How Glasswall’s experts are tackling ‘concept drift’ in machine learning for malware detection

Machine learning (ML) systems are trained on vast amounts of data, enabling them to make accurate predictions on future, unseen inputs. In dynamic environments like malware detection in cybersecurity, constantly evolving threats pose significant challenges that can hinder model performance. A primary reason for degradation in model performance is a phenomenon known as ‘concept drift’. This occurs as malware tends to evolve and becomes less like the original training data, thus characterized by shifts in underlying data distributions.  

At Glasswall, our experts are leading groundbreaking research to develop innovative ML-based malware detection systems. In this article series, we'll explore the complex challenges of applying machine learning to cybersecurity, focusing on concept drift and its impact on malware detection. We'll also highlight Glasswall's innovative research and solutions to overcome these obstacles.

What is concept drift?

In most domains, machine learning models are trained under the assumption that the data distribution remains fixed. This fundamental premise underpins many of the techniques and algorithms used in model development and training.  
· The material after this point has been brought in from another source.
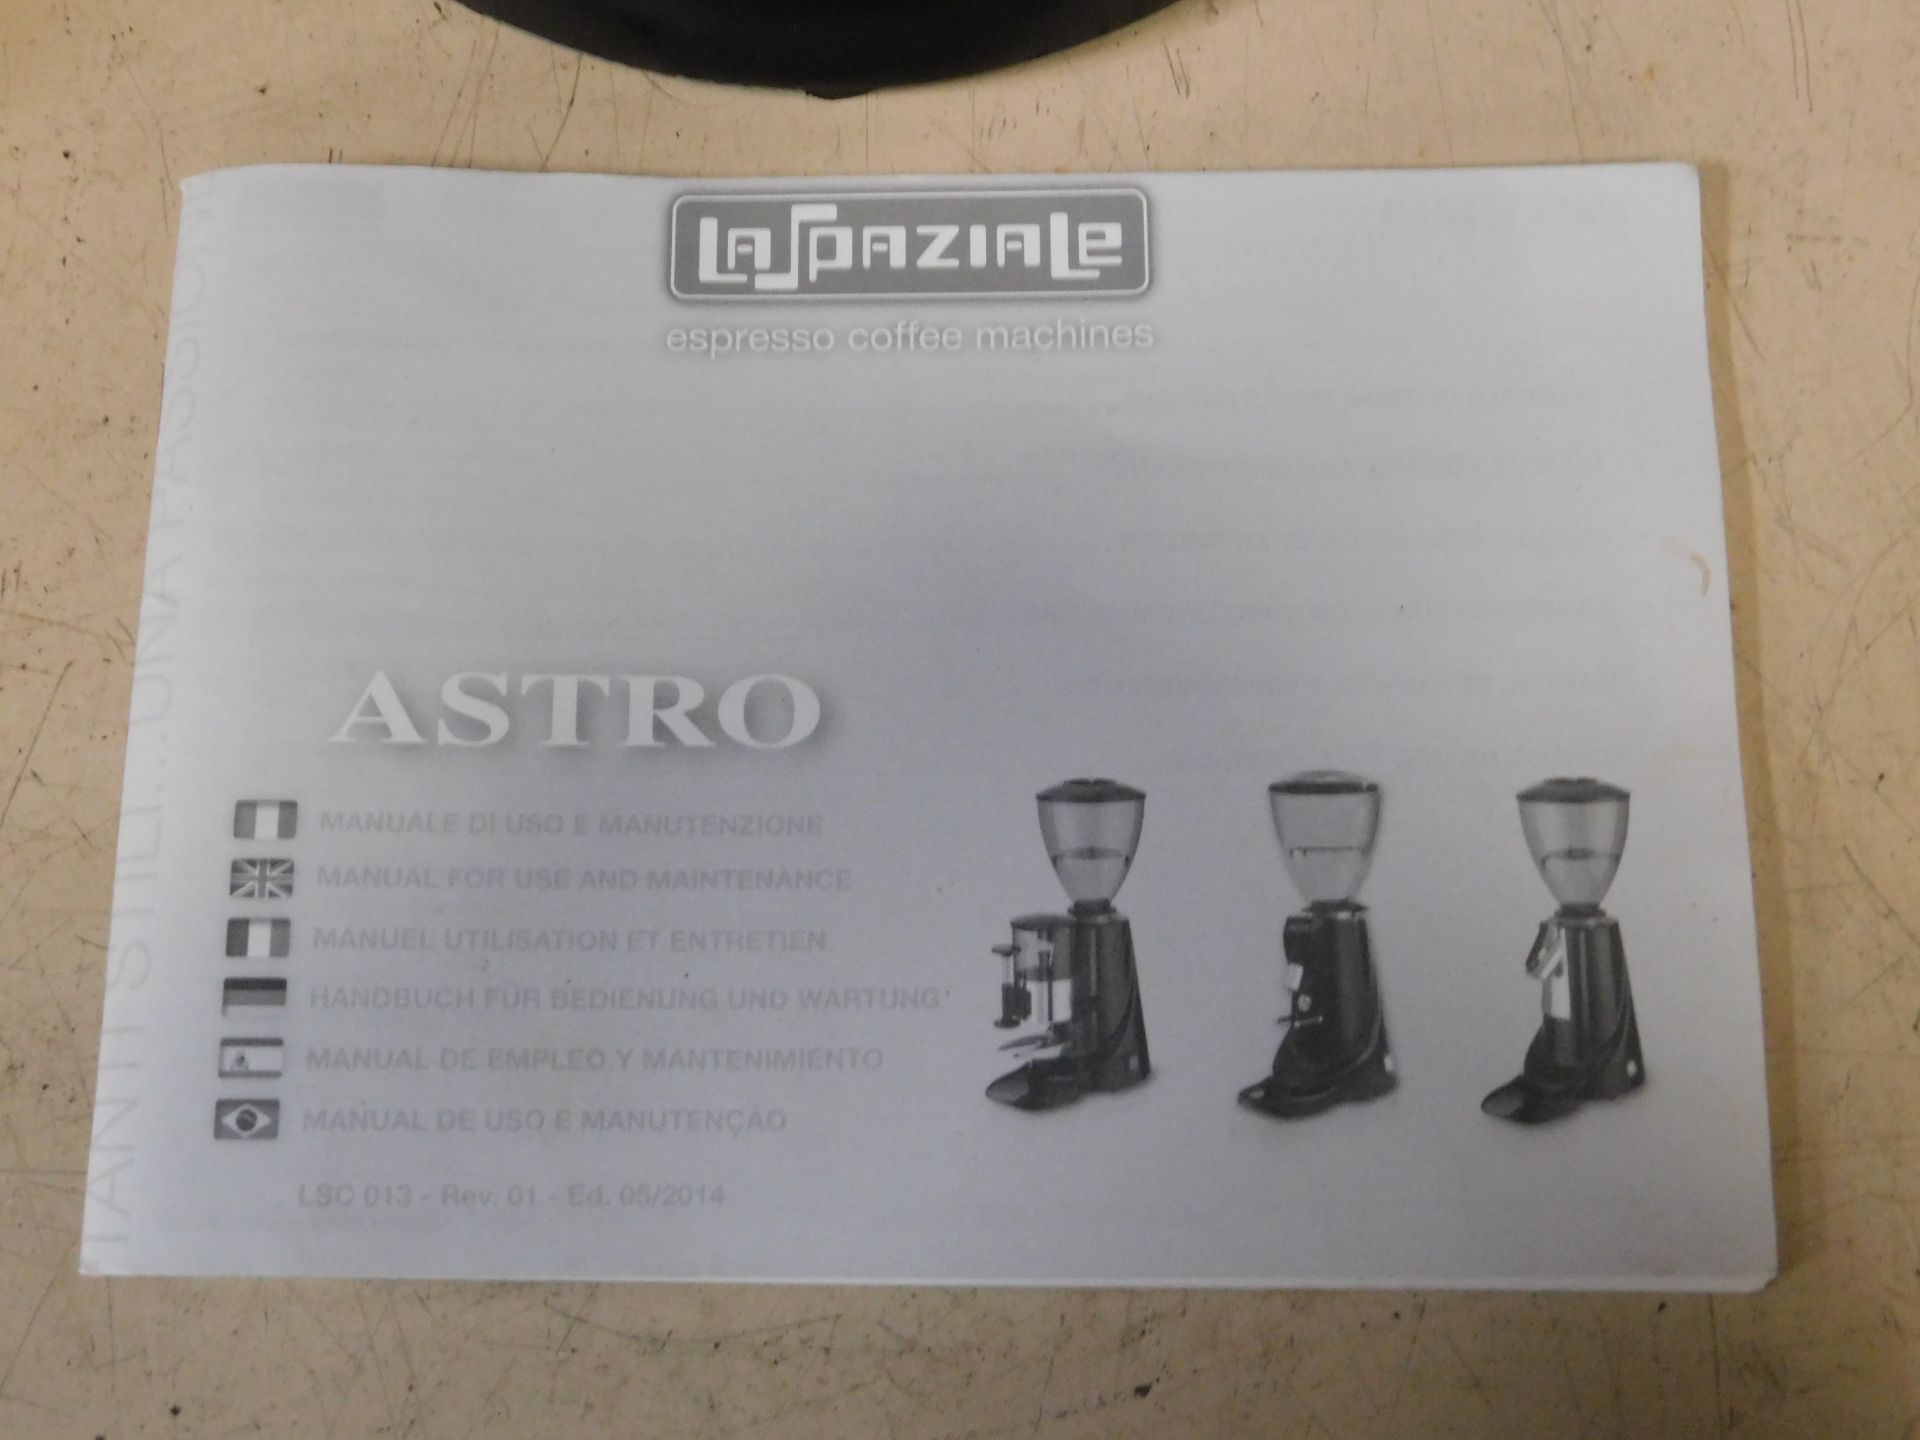 La Spaziale Astro 12 Espresso Coffee Grinder, Serial Number 1605L1288 - Image 2 of 3

For example, consider a machine learning model designed to detect malware. Initially trained on an extensive dataset of malware samples, the model might perform exceptionally well.  

However, over time, the methods used to develop and distribute malware evolve. Additionally, malware authors continually adapt and enhance their techniques to evade detection. Consequently, what once was obvious malware starts to resemble legitimate software to the model, and vice versa. The model, once highly accurate, now tends to make mistakes. This highlights the impact of the fixed data distribution assumption on model performance and illustrates the problem of concept drift, where there is a statistical change in the relation between the model’s inputs and outputs.

Cyber security and beyond: Detecting malware and concept drift in AI-based  sensor data streams using statistical techniques - ScienceDirect

Source: Cyber security and beyond: Detecting malware and concept drift in AI-based sensor data streams using statistical techniques

Concept drift occurs in different patterns, such as gradually, suddenly, or recurringly. Even state-of-the-art models, which can cost billions of dollars to develop, are not immune to this issue. For instance, ChatGPT acknowledges the potential for errors, particularly due to its training data having a cut-off date.

Chat GPT test for cut-off date

Caption: ChatGPT response on 16th July 2024  

Drift can take multiple forms

Other types of drift can also occur, with machine learning practitioners often using these terms interchangeably to describe model decay (i.e., diminishing predictive capability). For example, model drift refers to the degradation in a model’s prediction capability (and not necessarily due to changes in learnt relationships). This can occur due to several reasons, such as concept drift or data drift.

Meanwhile, data drift refers to the changes in distributions of input data. This means that features which the model has learnt for classification look different than expected. At first, it may seem like concept drift, but there is a subtle difference. For example, a model may have learnt that most malware is traditionally distributed through email attachments and downloadable files from websites. However, over time, more malware is distributed through mobile apps. Since the model has encountered fewer mobile-based examples, it struggles to distinguish between malware and legitimate apps, which have different characteristics. Hence, data drift occurs: a shift in the distribution of input features, such as “platform type” or “file size.” This shift can lead to a decline in the model’s performance. However, the fundamental concept of what constitutes malware hasn’t changed in this case.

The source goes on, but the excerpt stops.